Judge Gordon Sullivan just hopes the Lone Star isn't Gilbert Gottfried.
An epic as big as the land that shaped it.
I've read (and largely enjoyed) several James Michener novels through the years, and Texas has the size and scope that's perfect for the Michener's brand of meticulously researched historical fiction. I was all set to take the small-screen adaptation Texas seriously—but then the DVD menu loaded up and what should I see but an airbrushed photo of Patrick Duffy looking like he belongs on the cover of a cheap paperback romance. Though it's impossible to take Texas seriously after such a sight, it does reveal the tension that keeps Texas from being great: though it wants to be an epic story of the fight for Texas to be apart from Mexico, it's ultimately too slick for its own good.
Narrated by Charlton Heston, Texas tells the story of the Texas revolution that severed the future-state from Santa Ana-controlled Mexico, and it largely focuses on the near-mythic men who were in charge of that revolution: Stephen Austin (Patrick Duffy, Dallas), Sam Houston (Stacy Keach, American History X), Jim Bowie (David Keith, An Officer and a Gentleman) and Davy Crockett (John Schneider, The Dukes of Hazzard).
I freely admit that I've read and enjoyed several Michener novels. However, I can't really tell you which ones. I know I read Hawaii for summer reading in high school, and there were several of his books lying around the house as I grew up, but for the life of me I can't remember if Texas was one of his novels that I read. Part of the problem is that my memory is hazy over a decade later, but at least part of the blame rests on Michener's shoulders. Though the specifics of each of his novels are very different—informed as they are by reams and reams of historical research—all the ones I encountered follow the same basic structure. He spends a few pages on the geological forces that shaped the area in question, then some time on what we know of the first inhabitants, and then the rest of the book is dedicated to following a multigenerational story across the most significant years in the area's history.
Texas wisely chooses to dispense with Michener's grand structure. The film starts with Stephen Austin's attempts to create a settlement in Texas that has special dispensation with the Mexican government, and follows him and the other famous Texans through their growing dissatisfaction with Santa Ana towards the eventual succession of Texas from Mexico.
For what it is, Texas isn't terrible. As a mid-nineties take on the TV Western, it's standing in the long shadow of the vastly superior Lonesome Dove but as a pretty potted version of Texas history that focuses on the great men behind the state's independence it could be worse. The cast are all game to play these towering, near-mythic figures, the (surprisingly high) budget allows for some nice shots of the Texas landscape, and the story moves pretty smoothly over the three-hour running time moving from significant event to significant event with some interpersonal shenanigans thrown in to catch the melodrama audience.

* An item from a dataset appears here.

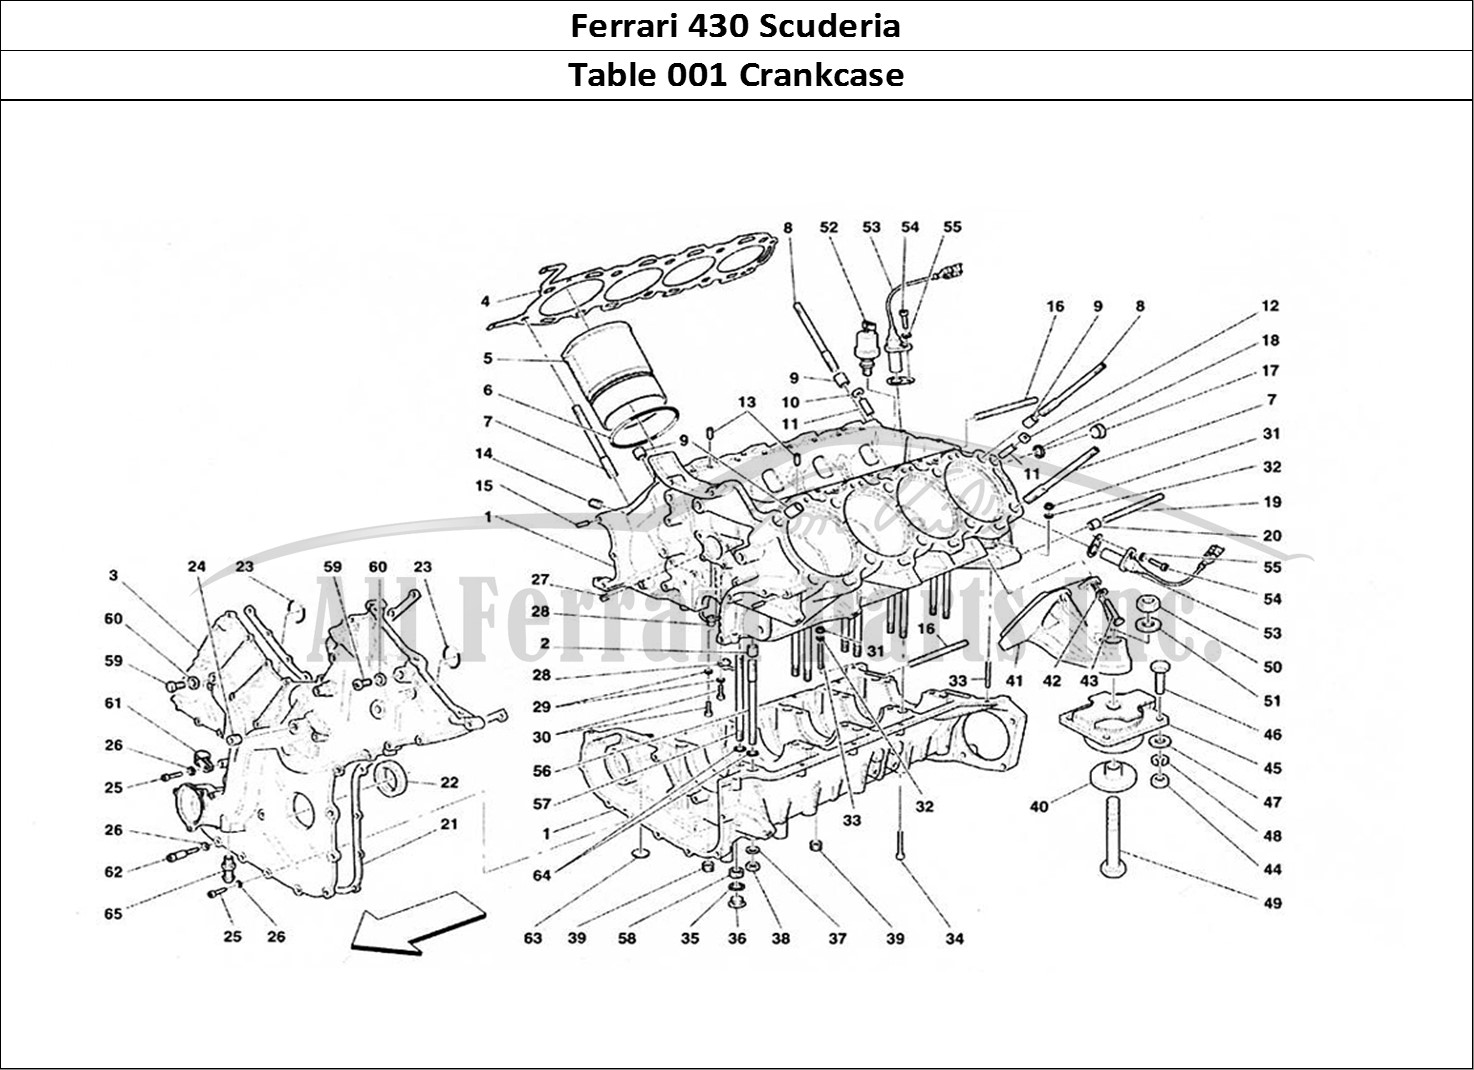 Ferrari Parts Ferrari 430 Scuderia Page 001 Crankcase

This DVD does the show a service as well. The 1.33:1 transfer is "newly enhanced" and looks pretty good, especially for a mid-nineties television production. The dusty, often brown Texas landscape is well reproduced here, with a decent amount of detail and good color saturation. The whole affair looks a bit too slick and/or shiny to really sell the historical setting, but that means this DVD transfer looks better than expected. Despite the three-hour runtime, Texas doesn't have any significant compression problems or digital artefacts. The stereo audio handles both the dialogue and the slightly bombastic score with balanced ease.
Extras are surprisingly extensive for this kind of product, though hardly groundbreaking. We get the show's trailer, an extended promo, and a short making-of featurette. Since Texas was a $12 million made-for-TV flick in 1994 it had a lot of hype, and it's nice to see that material included on this DVD.
The problem with Texas, though, is that it's redundant before it starts. It tells the same old story of Texas' heroic fight for independence, and while it's interesting at times to see the men behind the history, Texas spends too much time with the bigger picture that we all know from the history books instead of giving us insights into their characters. The overall look of the film—personified by romance-cover Duffy—is also a bit too slick, and distracts from the historical setting. I don't expect a major television adaptation to go too dark, but a bit of dirtying-up would have helped the show tremendously.
Texas is worth tracking down for fans of the actors or Michener's novel, but if you're going to invest three or more hours in a story of the settling of America then there are several other productions that deserve your time more. With that said, Texas isn't without its charms—especially the performances—and this DVD is solid enough to make it worth a rental for the curious.